On a Divide and Conquer Approach for Haplotype Inference with Pure Parsimony

Konstantinos Kalpakis and Parag Namjoshi



The genotype of an individual consists of two DNA strands, where each strand, called a haplotype, is inherited from each parent. The haplotypes of an individual may differ from those of his/her parents due to mutations or crossovers. Those haplotypes and their differences are the genetic basis for hereditary diseases such as Alzheimer's, diabetes, and heart diseases. Determining the genotype of an individual in the ''wet-lab'' is relatively inexpensive. However, determining an individual's haplotypes in the ''wet-lab'' is rather expensive and time-consuming. Consequently, developing computational methods for inferring haplotypes from genotypes is an important problem. Since this haplotype inference problem can have multiple solutions, solutions with as few haplotypes as possible are often sought, leading to the Haplotype Inference problem with Pure Parsimony (HIPP).
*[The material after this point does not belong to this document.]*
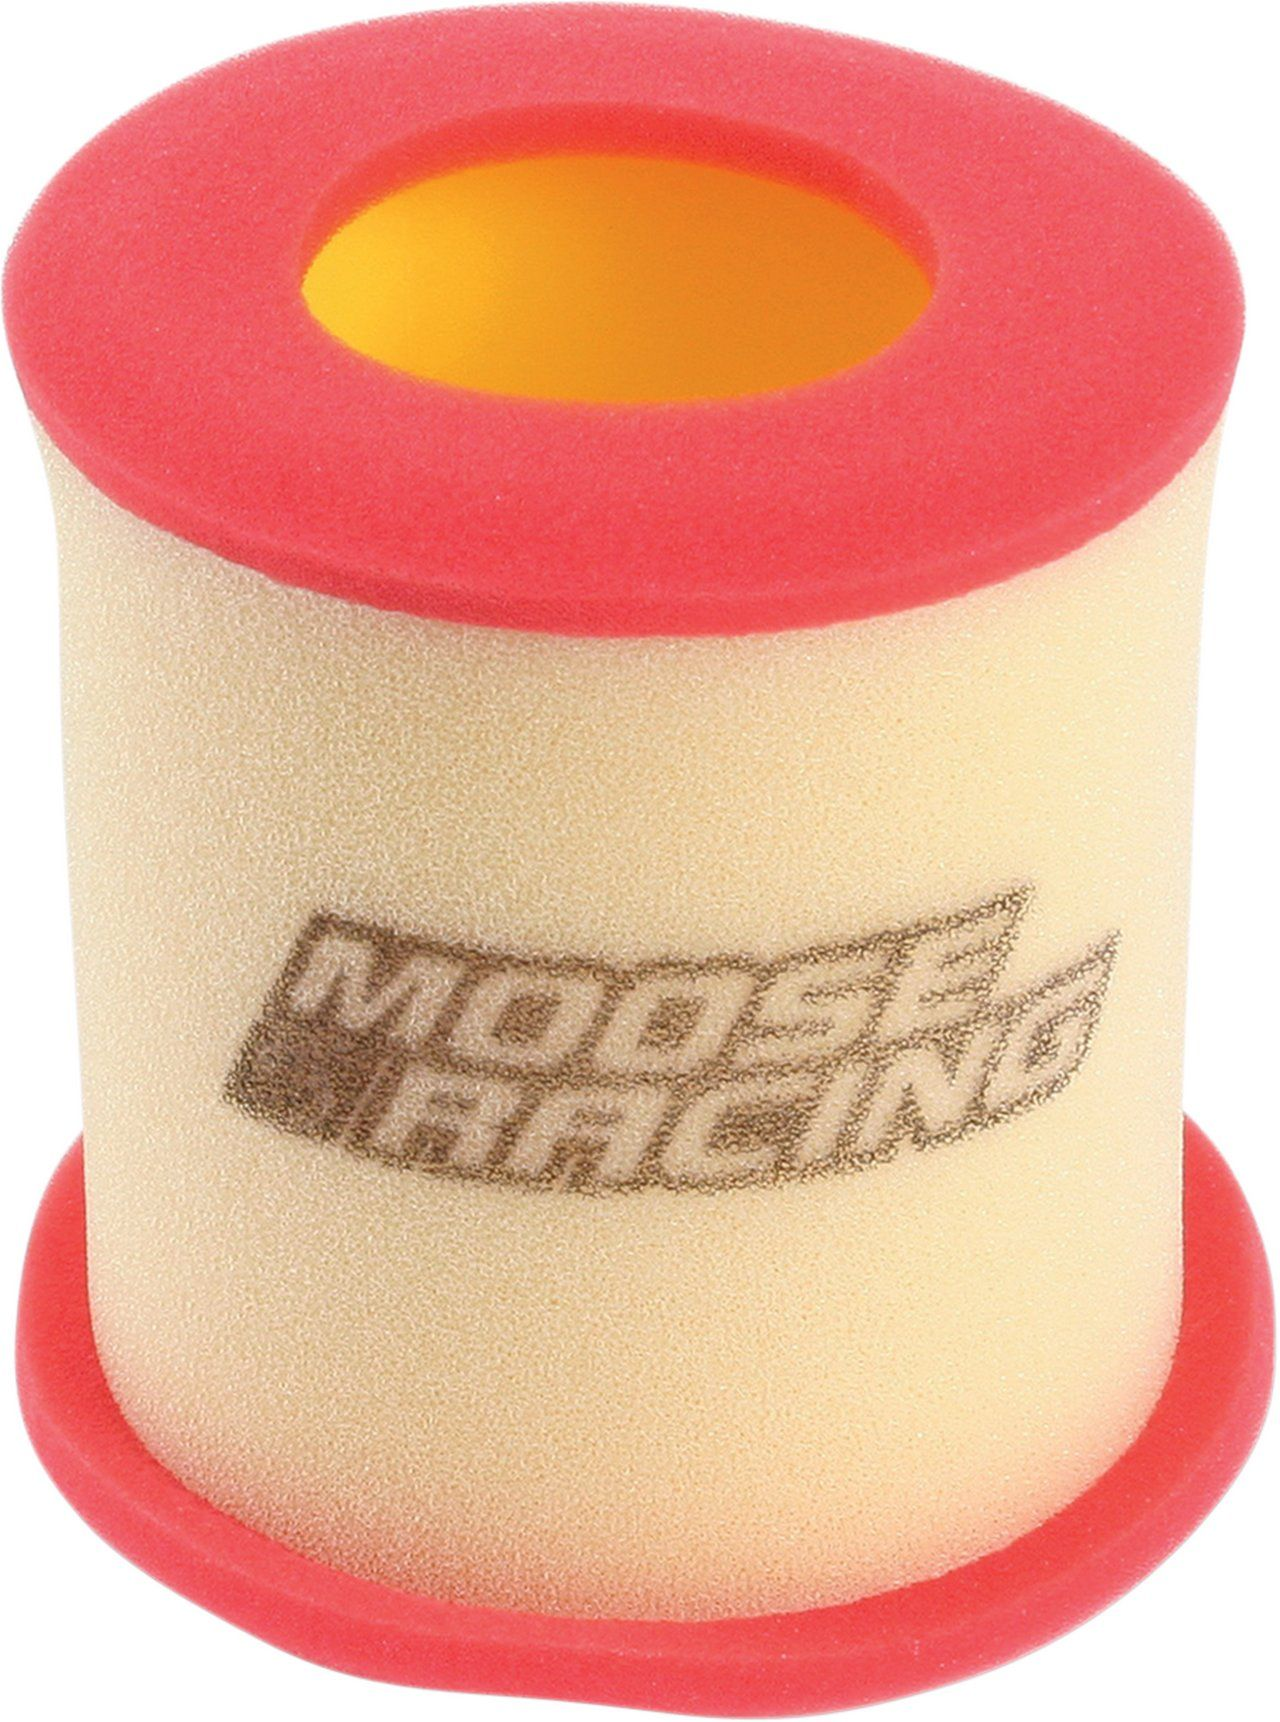 【MOOSE RACING】PPO (PRECISION PRE-OILED) 空氣濾芯 [1011-0562] - 「Webike-摩托百貨」

We present a divide-and-conquer approach for HIPP problems with large number of individuals and long genotypes. We explore various design parameters of the divide-and-conquer approach, and experimentally compare its performance, with respect to the number of haplotypes (k) found and the running times, with that of Clark's rule on both synthetic and real datasets. We find that our approach uses up to 43% less haplotypes than Clark's rule for synthetic datasets with 100 genotypes of length 100, and that our approach and Clark's rule use similar number of haplotypes for the real datasets. Our divide-and-conquer approach is an effective and efficient method for large HIPP problems.

Index Terms Bioinformatics, haplotype inference from genotypes, pure parsimony.